Transmission of Rabies to Humans
The rabies virus is present in the saliva and when a rabid animal bites or scratches (dog, bats) a human being, the virus begins to replicate within the body system and then clinically manifest after some weeks with its symptoms. The virus replication occurs at the muscle or connective tissue, enters the peripheral nervous system and eventually spreads to the central nervous system. The virus then multiplies greatly at the salivary glands in the mouth which is the major reason for the dominance of the virus in the saliva. Other theoretical means of rabies transmission may include human to human transmission through bites, consumption of raw meat, inhalation of infected aerosols or infected organ transplants.
Signs of Rabies in Humans and Animals
The clinical signs of rabies are similar in both humans and animals starting with non-specific symptoms such as fever, headache, anxiety and a tingling sensation at the infection site. It then progresses to either of two forms – Furious rabies and Paralytic rabies. The furious rabies is exhibited by hyperactivity behavior, convulsion, extra-salivation, hydrophobia (fear of water) and sometimes aerophobia (fear of fresh air). The paralytic rabies is responsible for about 30% of all cases and its less dramatic compared to the furious form as it exhibits muscular paralysis at the site of the bite or the scratch.
Watch this video of a Nigerian Man showing end-stage clinical signs of rabies infection. He didn’t receive post-exposure prophylaxis immediately after being bitten by a dog leading to this degeneration. He was not expected to live after this. If you or anyone has been bitten or scratched by a dog, cat, bat or opposum that is suspected to have rabies (or any animal bite at all), contact your medical doctor and veterinarian respectively IMMEDIATELY!

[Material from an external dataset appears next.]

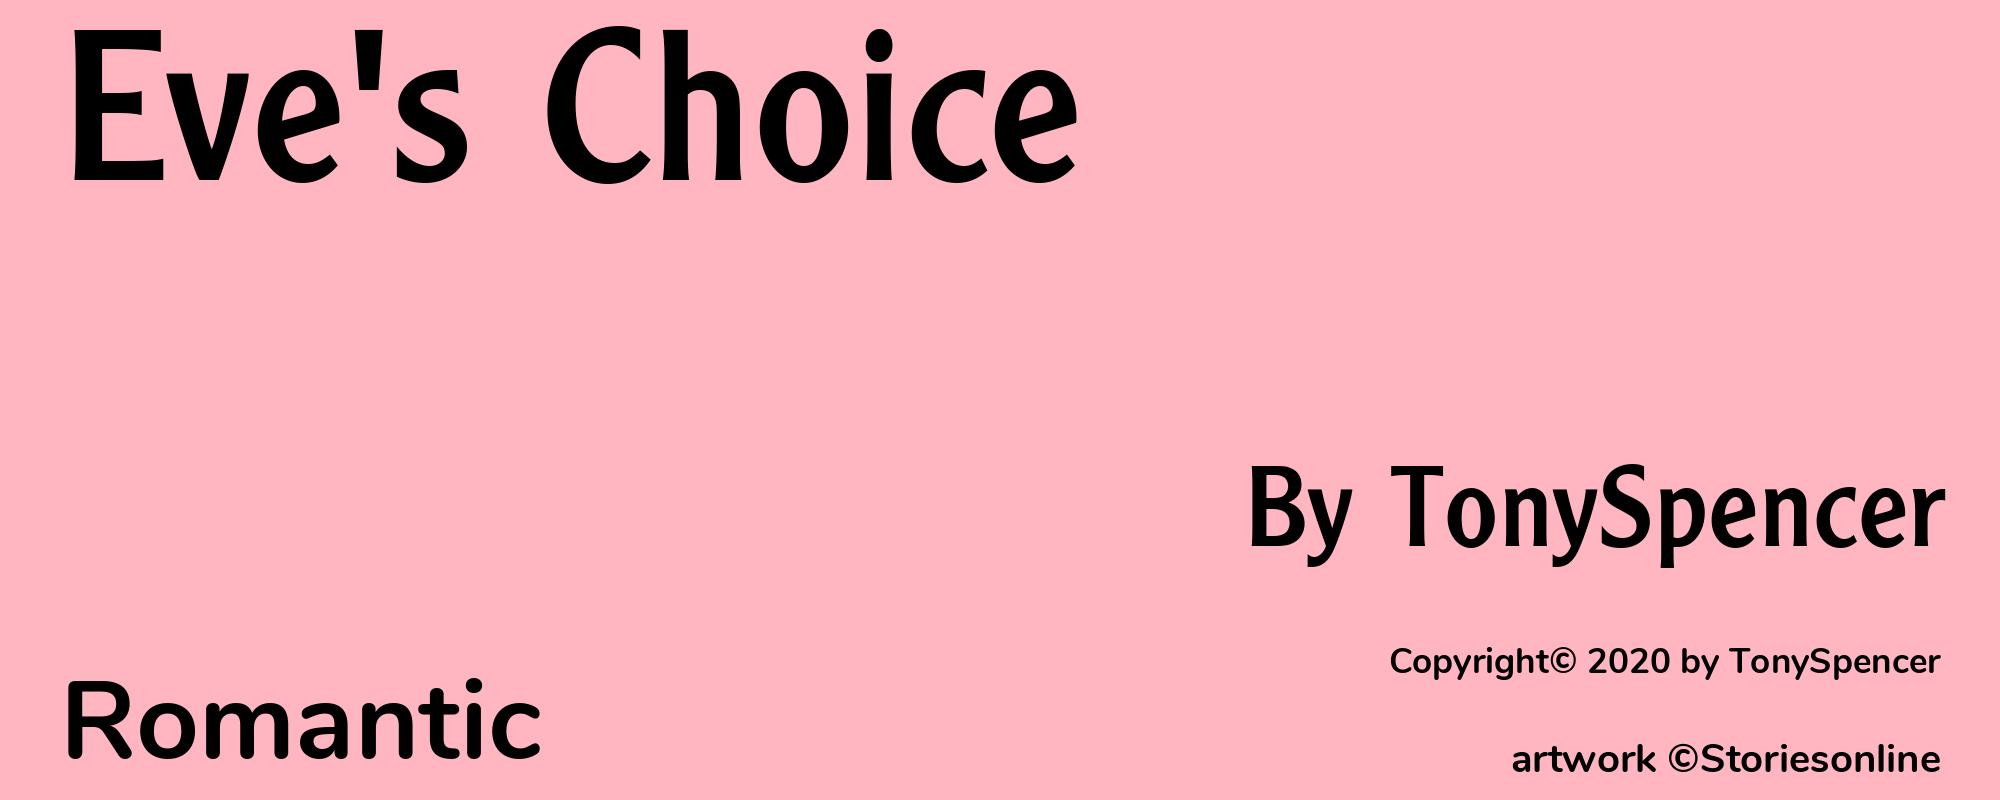 Eve's Choice - Cover
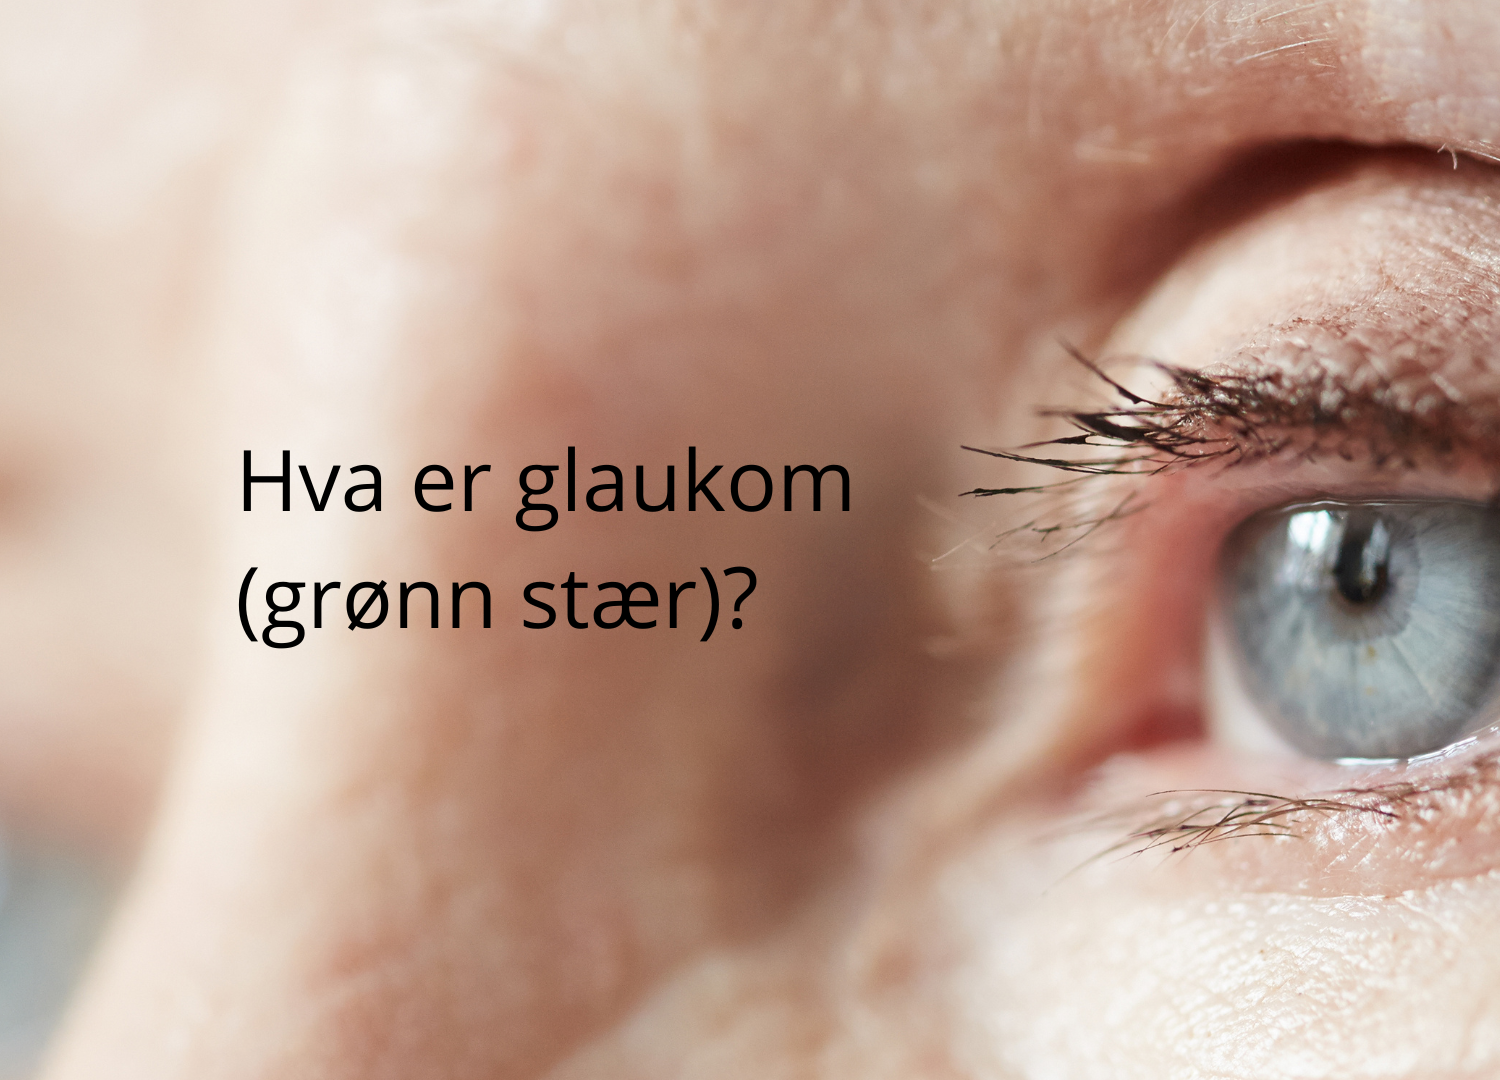 Hva er glaukom?

How to protect and treat yourself and your animals from Rabies
The only guaranteed way to protect yourself, friends, family, and neighborhood from rabies is to vaccinate of all pets and domestic animals and staying away from wild animals.
If you (or someone close to you) has been bitten by any animal (dog especially), immediately wash the wound well with soap and flowing water and go to the hospital to receive for post exposure prophylaxis treatment. If this treatment is not received immediately after bite or scratch in about 14 days, it will become too late as the virus will have become well advanced in the person’s body, generating clinical signs. And once clinical signs (as mentioned earlier) sets in, death is imminent.

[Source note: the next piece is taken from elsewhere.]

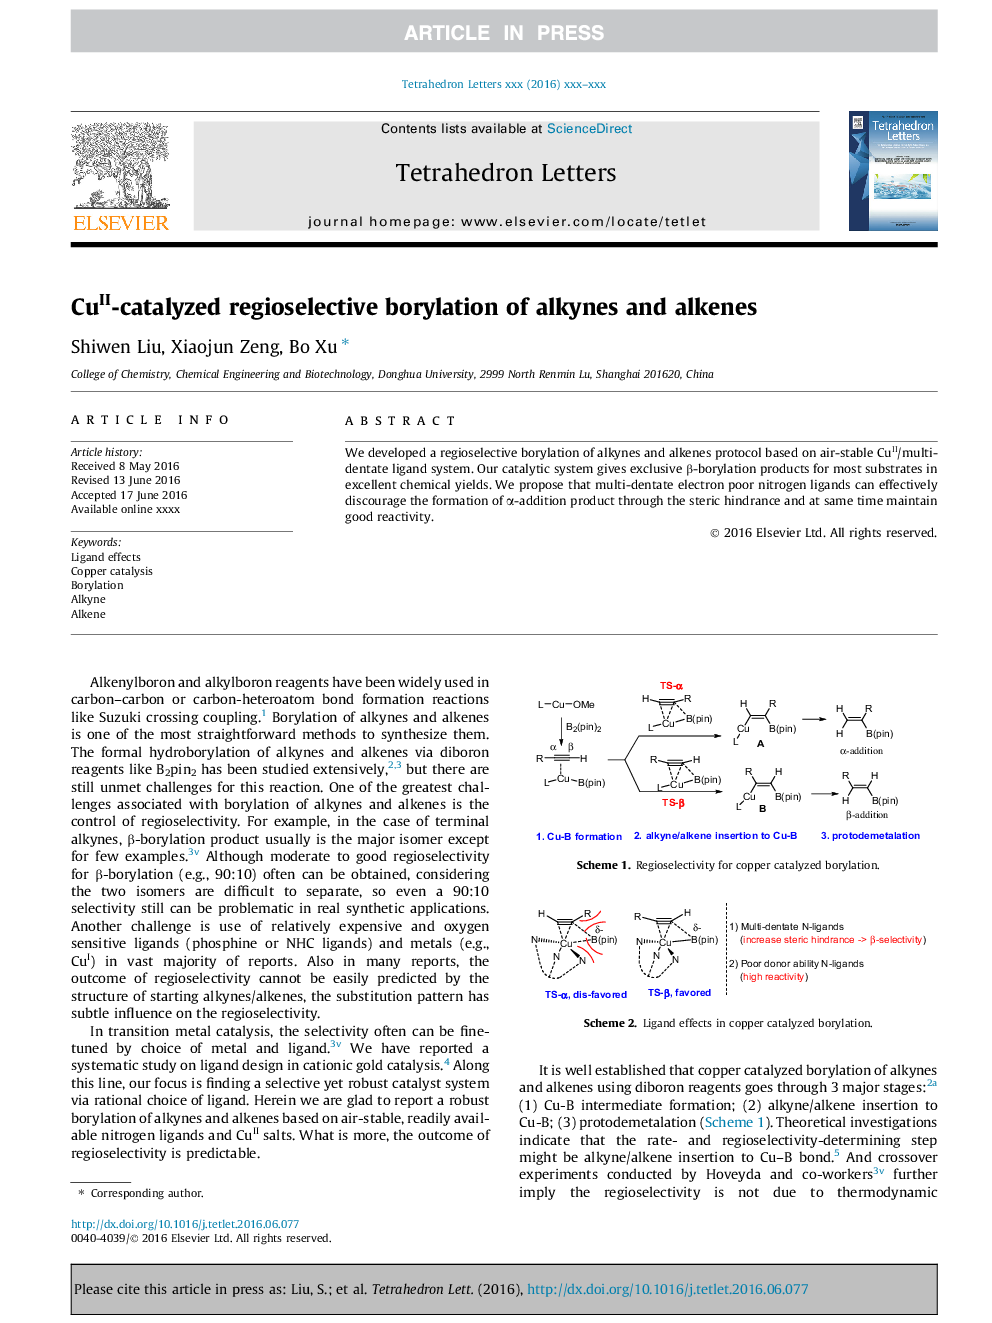 CuII-catalyzed regioselective borylation of alkynes and alkenes

As the infected human is being treated, you should also contact a veterinarian to help capture the animal (and other animals in the environment) and examine them for rabies. It is imperative to know that your pets can contract rabies once bitten by a rabid animal. Pets have the higher risk of contracting rabies because of their exposure to other animals (both domestic and wild animals) which is grave for man because of the close relationship between man and their pets. All dogs, pets and animals suspected or confirmed to have rabies should be quarantined for 6 months or euthanized immediately.
In other to reduce the risk of rabies with regards to your pet, the following are necessary,
- Keep pets such as cats indoor while also putting on close surveillance, dogs whenever there are outdoor activities.

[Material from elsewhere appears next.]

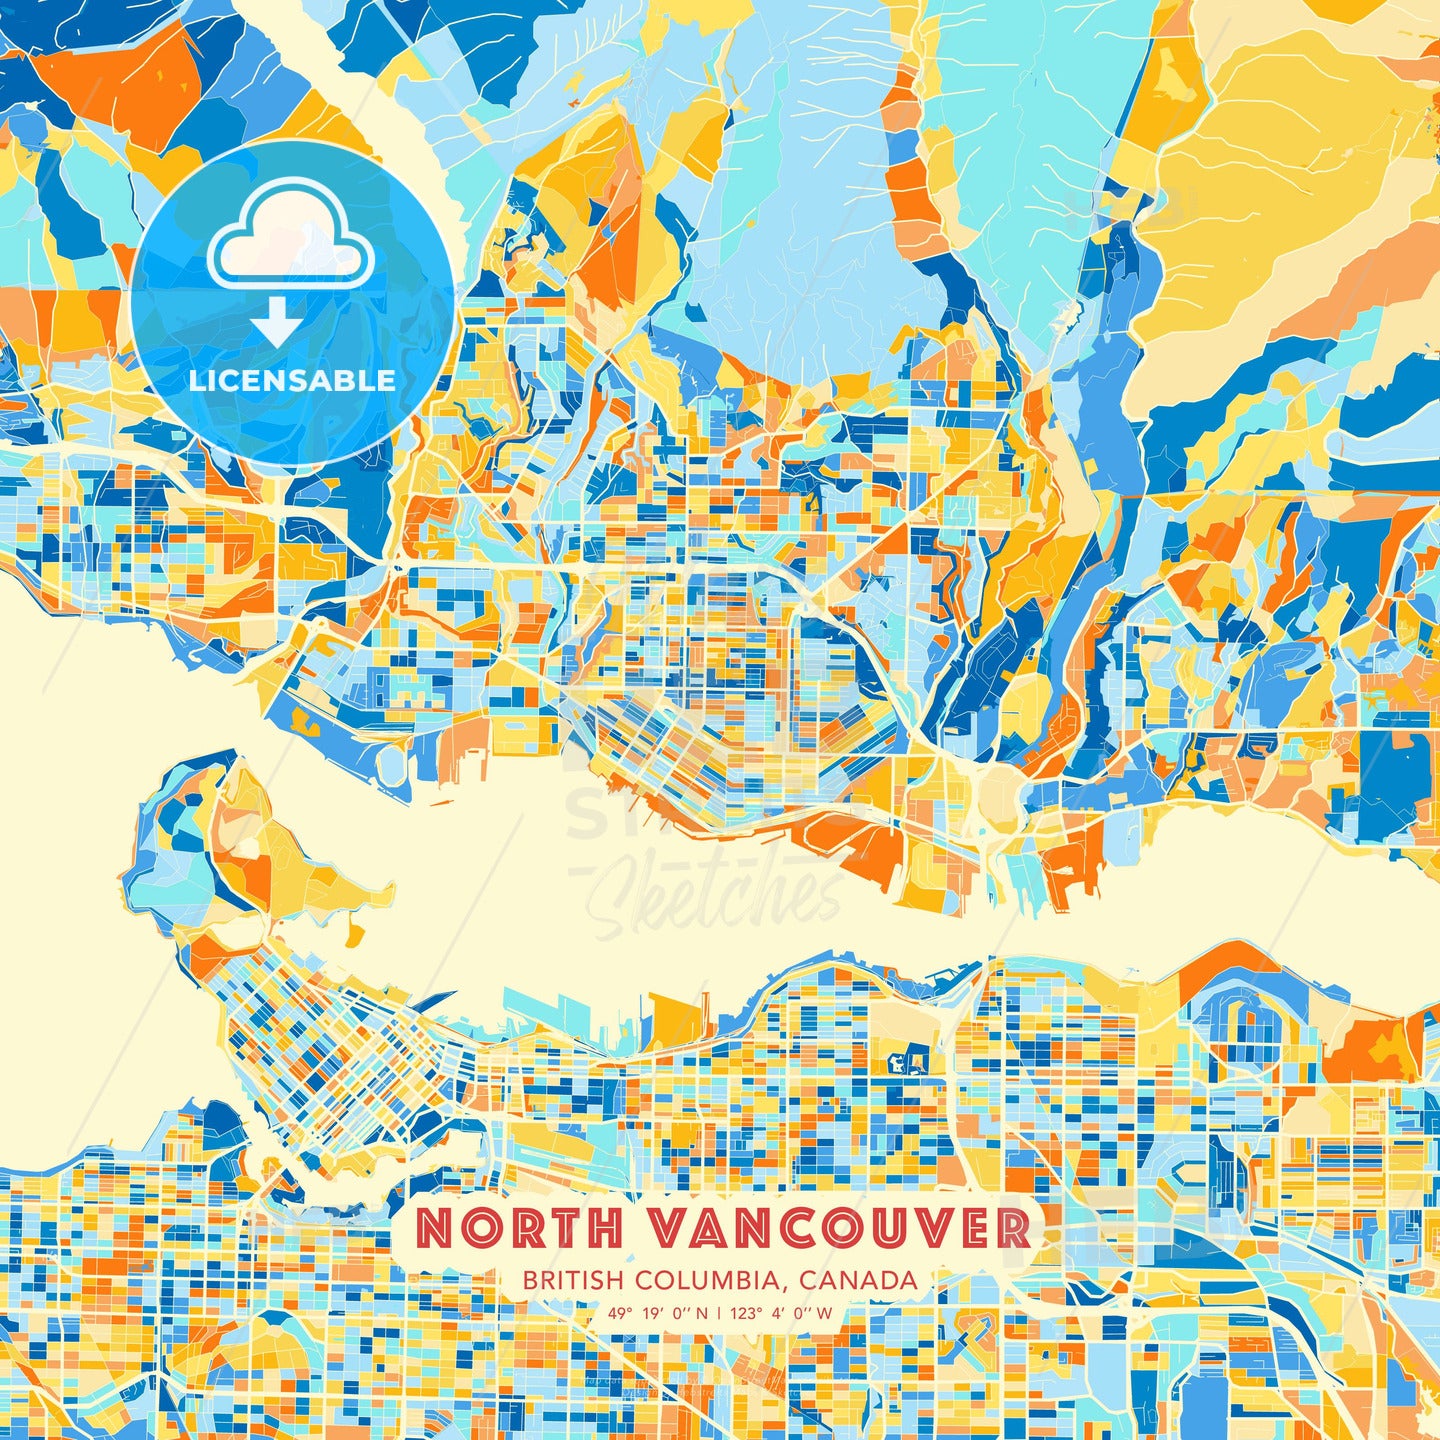 North Vancouver, British Columbia, Canada, map - HEBSTREITS Sketches

- Get rid of stray dogs in your neighborhood.
- Maintain a regular visit to your veterinarian for up to date examination and vaccination of your animals and pets.
- Maintaining a hygienic environment by properly getting rid of garbage which could attract wild animals.
To end the scourge, Rabies in our environment, vaccinate yourself and pets against rabies, and report ALL suspected cases in animals and humans to your local veterinarian and medical doctor respectively.